BForests are dictionary-like objects that use multiple BTrees for a backend and support rotation of the composite trees. This supports various implementations of timed member expirations, enabling caches and semi-persistent storage. A useful and simple subclass would be to promote a key-value pair to the first (newest) bucket whenever the key is accessed, for instance. It also is useful with disabling the rotation capability.

Like btrees, bforests come in four flavors: Integer-Integer (IIBForest), Integer-Object (IOBForest), Object-Integer (OIBForest), and Object-Object (OOBForest). The examples here will deal with them in the abstract: we will create classes from the imaginary and representative BForest class, and generate keys from KeyGenerator and values from ValueGenerator.
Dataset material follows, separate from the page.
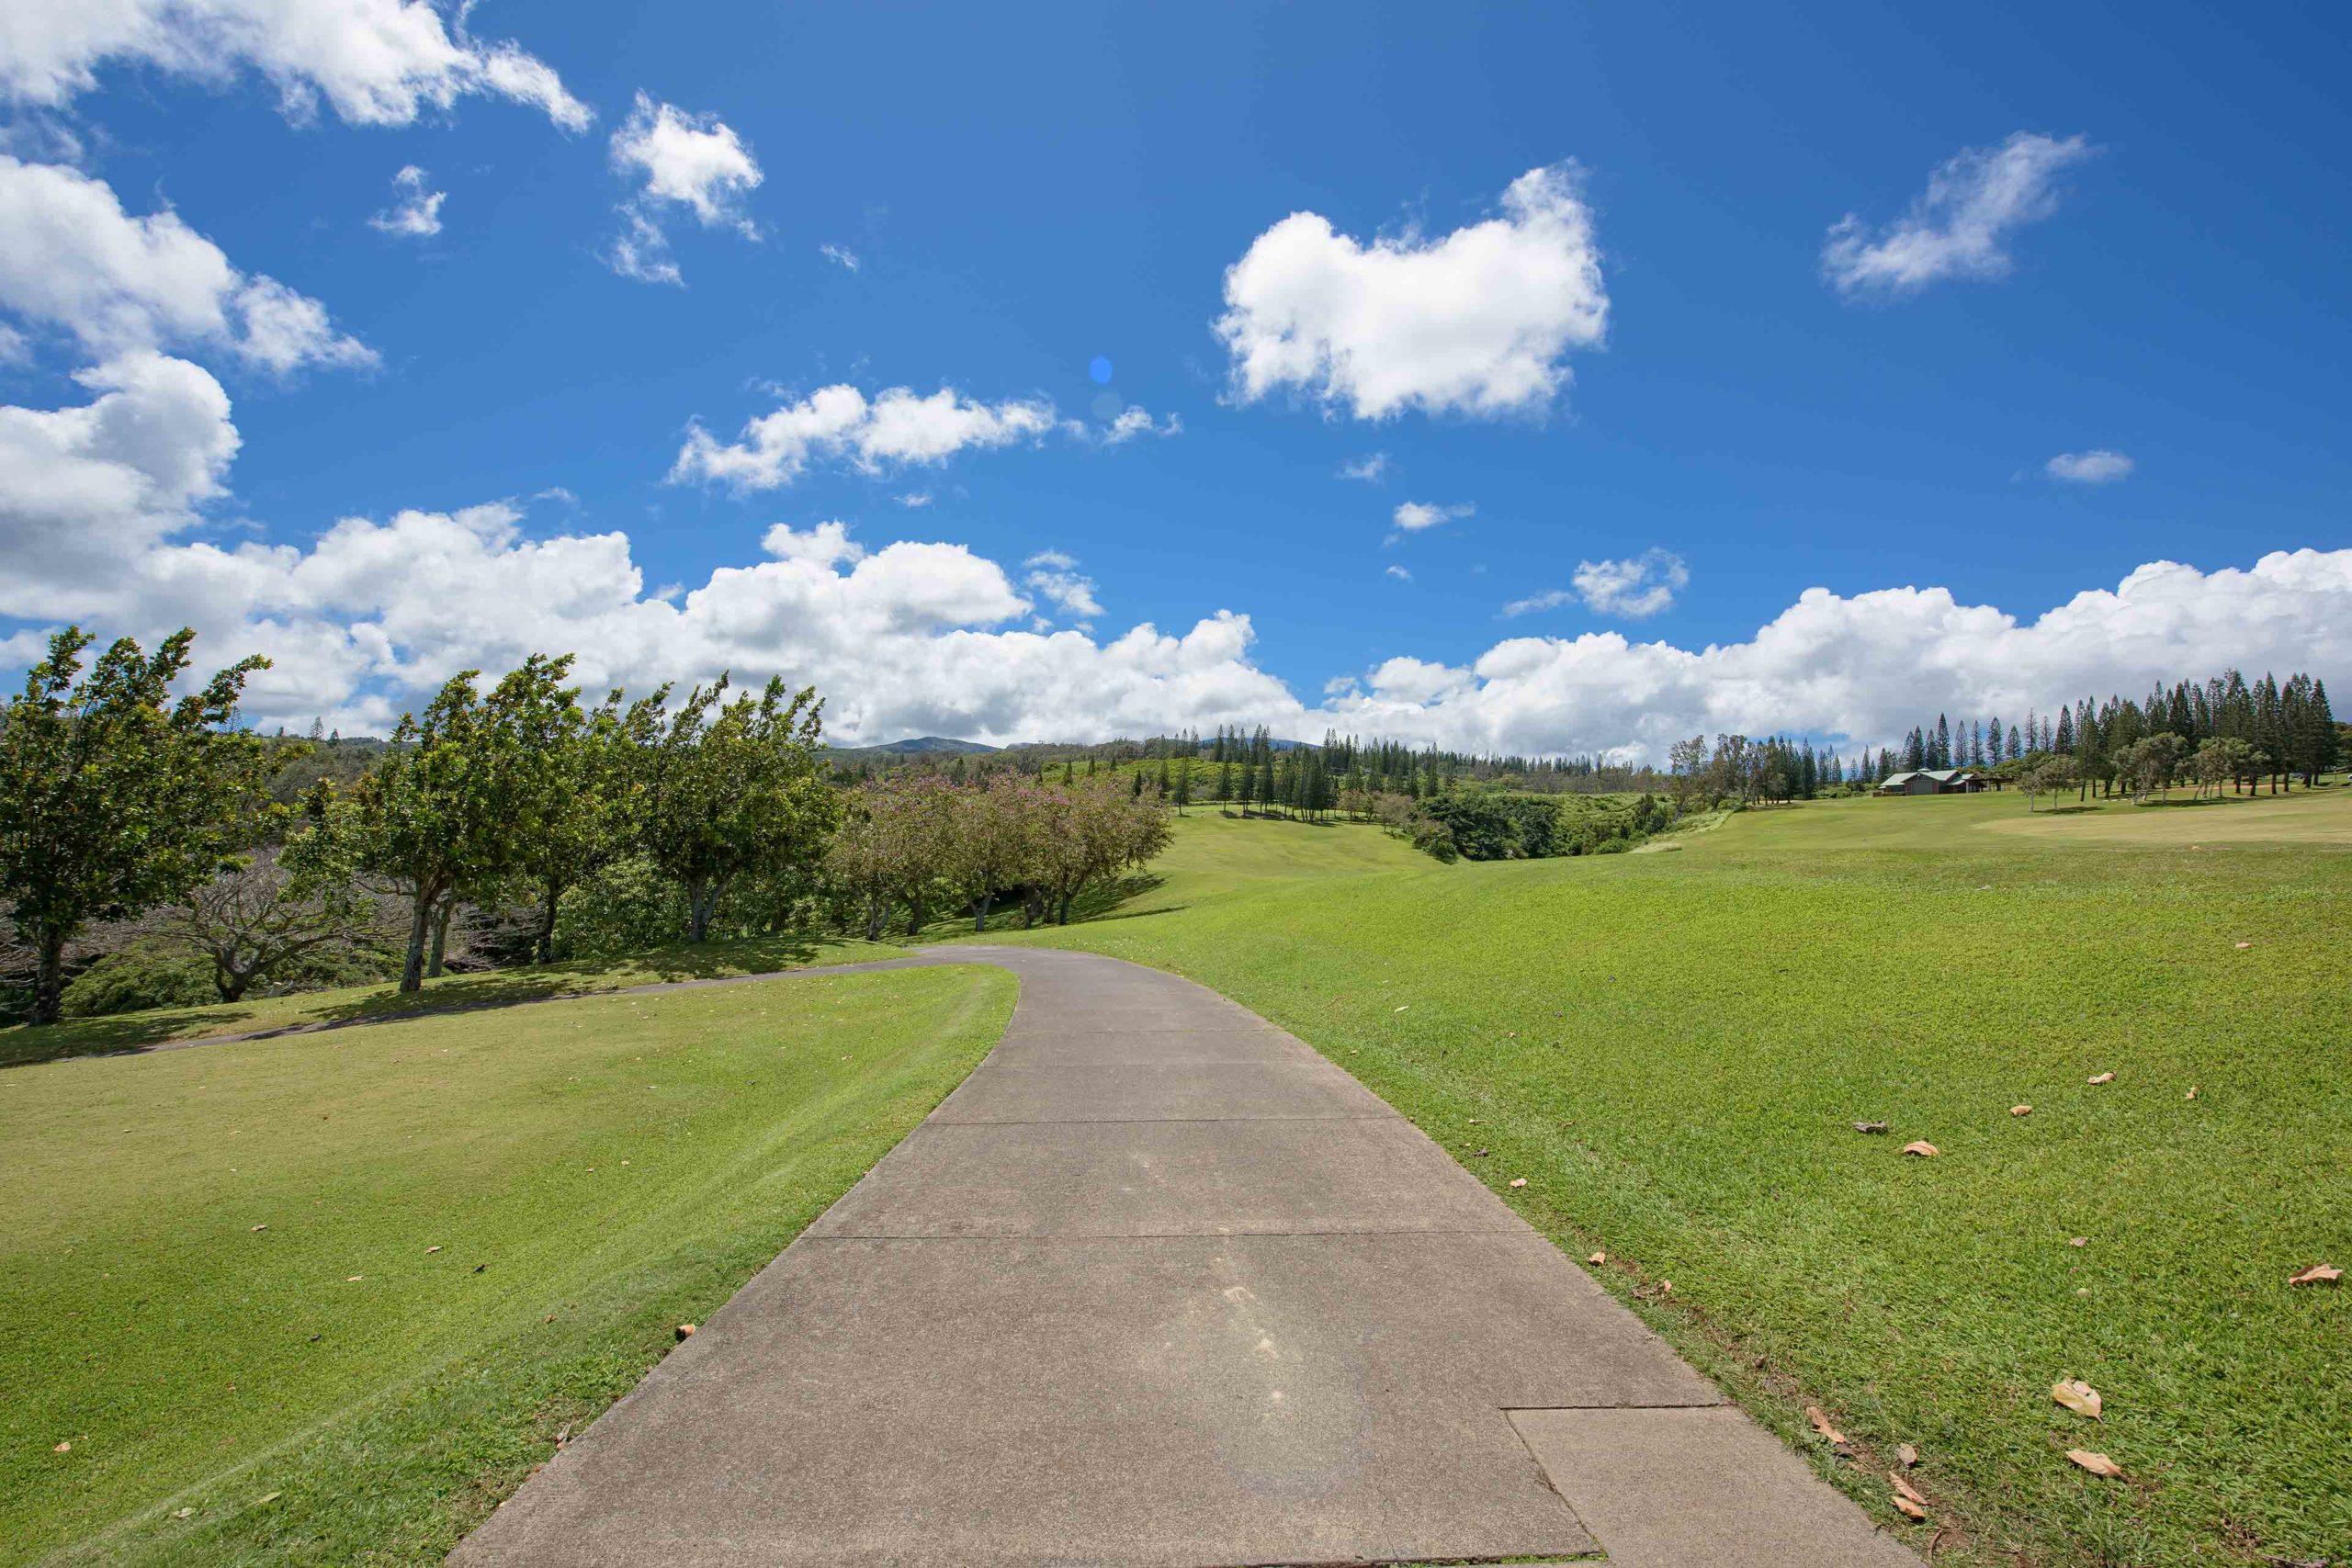 View of Kapalua Village Trails in Kapalua Maui Hawaii

From the examples you should be able to extrapolate usage of all four types.

First let’s instantiate a bforest and look at an empty example. By default, a new bforest creates two composite btree buckets.

>>> d = BForest()
>>> list(d.keys())
[]
>>> list(d.values())
[]
>>> len(d.buckets)
2
>>> dummy_key = KeyGenerator()
>>> d.get(dummy_key)
>>> d.get(dummy_key, 42)
42

Now we’ll populate it. We’ll first create a dictionary we’ll use to compare.

>>> original = {}
>>> for i in range(10):
...     original[KeyGenerator()] = ValueGenerator()
...
>>> d.update(original)
>>> d == original
True
>>> d_keys = list(d.keys())
>>> d_keys.sort()
>>> o_keys = original.keys()
>>> o_keys.sort()
>>> d_keys == o_keys
True
>>> d_values = list(d.values())
>>> d_values.sort()
>>> o_values = original.values()
>>> o_values.sort()
>>> o_values == d_values
True
>>> d_items = list(d.items())
>>> d_items.sort()
>>> o_items = original.items()
>>> o_items.sort()
>>> o_items == d_items
True
>>> key, value = d.popitem()
>>> value == original.pop(key)
True
>>> key, value = original.popitem()
>>> value == d.pop(key)
True
>>> len(d) == len(original)
True

Now let’s rotate the buckets.

>>> d.rotateBucket()

…and we’ll do the exact same test as above, first.

>>> d == original
True
>>> d_keys = list(d.keys())
>>> d_keys.sort()
>>> o_keys = original.keys()
>>> o_keys.sort()
>>> d_keys == o_keys
True
>>> d_values = list(d.values())
>>> d_values.sort()
>>> o_values = original.values()
>>> o_values.sort()
>>> o_values == d_values
True
>>> d_items = list(d.items())
>>> d_items.sort()
>>> o_items = original.items()
>>> o_items.sort()
>>> o_items == d_items
True
>>> key, value = d.popitem()
>>> value == original.pop(key)
True
>>> key, value = original.popitem()
>>> value == d.pop(key)
True
>>> len(d) == len(original)
True

Now we’ll make a new dictionary to represent changes made after the bucket rotation.

>>> second = {}
>>> for i in range(10):
...     key = KeyGenerator()
...     value = ValueGenerator()
...     second[key] = value
...     d[key] = value
...
>>> original.update(second)

…and we’ll do almost the exact same test as above, first.

>>> d == original
True
>>> d_keys = list(d.keys())
>>> d_keys.sort()
>>> o_keys = original.keys()
>>> o_keys.sort()
>>> d_keys == o_keys
True
>>> d_values = list(d.values())
>>> d_values.sort()
>>> o_values = original.values()
>>> o_values.sort()
>>> o_values == d_values
True
>>> d_items = list(d.items())
>>> d_items.sort()
>>> o_items = original.items()
>>> o_items.sort()
>>> o_items == d_items
True
>>> key, value = d.popitem()
>>> ignore = second.pop(key, None) # keep second up-to-date
>>> value == original.pop(key)
True
>>> key, value = original.popitem()
>>> ignore = second.pop(key, None) # keep second up-to-date
>>> value == d.pop(key)
True
>>> len(d) == len(original)
True

Now if we rotate the buckets, the first set of items will be gone, but the second will remain.

>>> d.rotateBucket()
>>> d == original
False
>>> d == second
True

Let’s set a value, check the copy behavior, and then rotate it one more time.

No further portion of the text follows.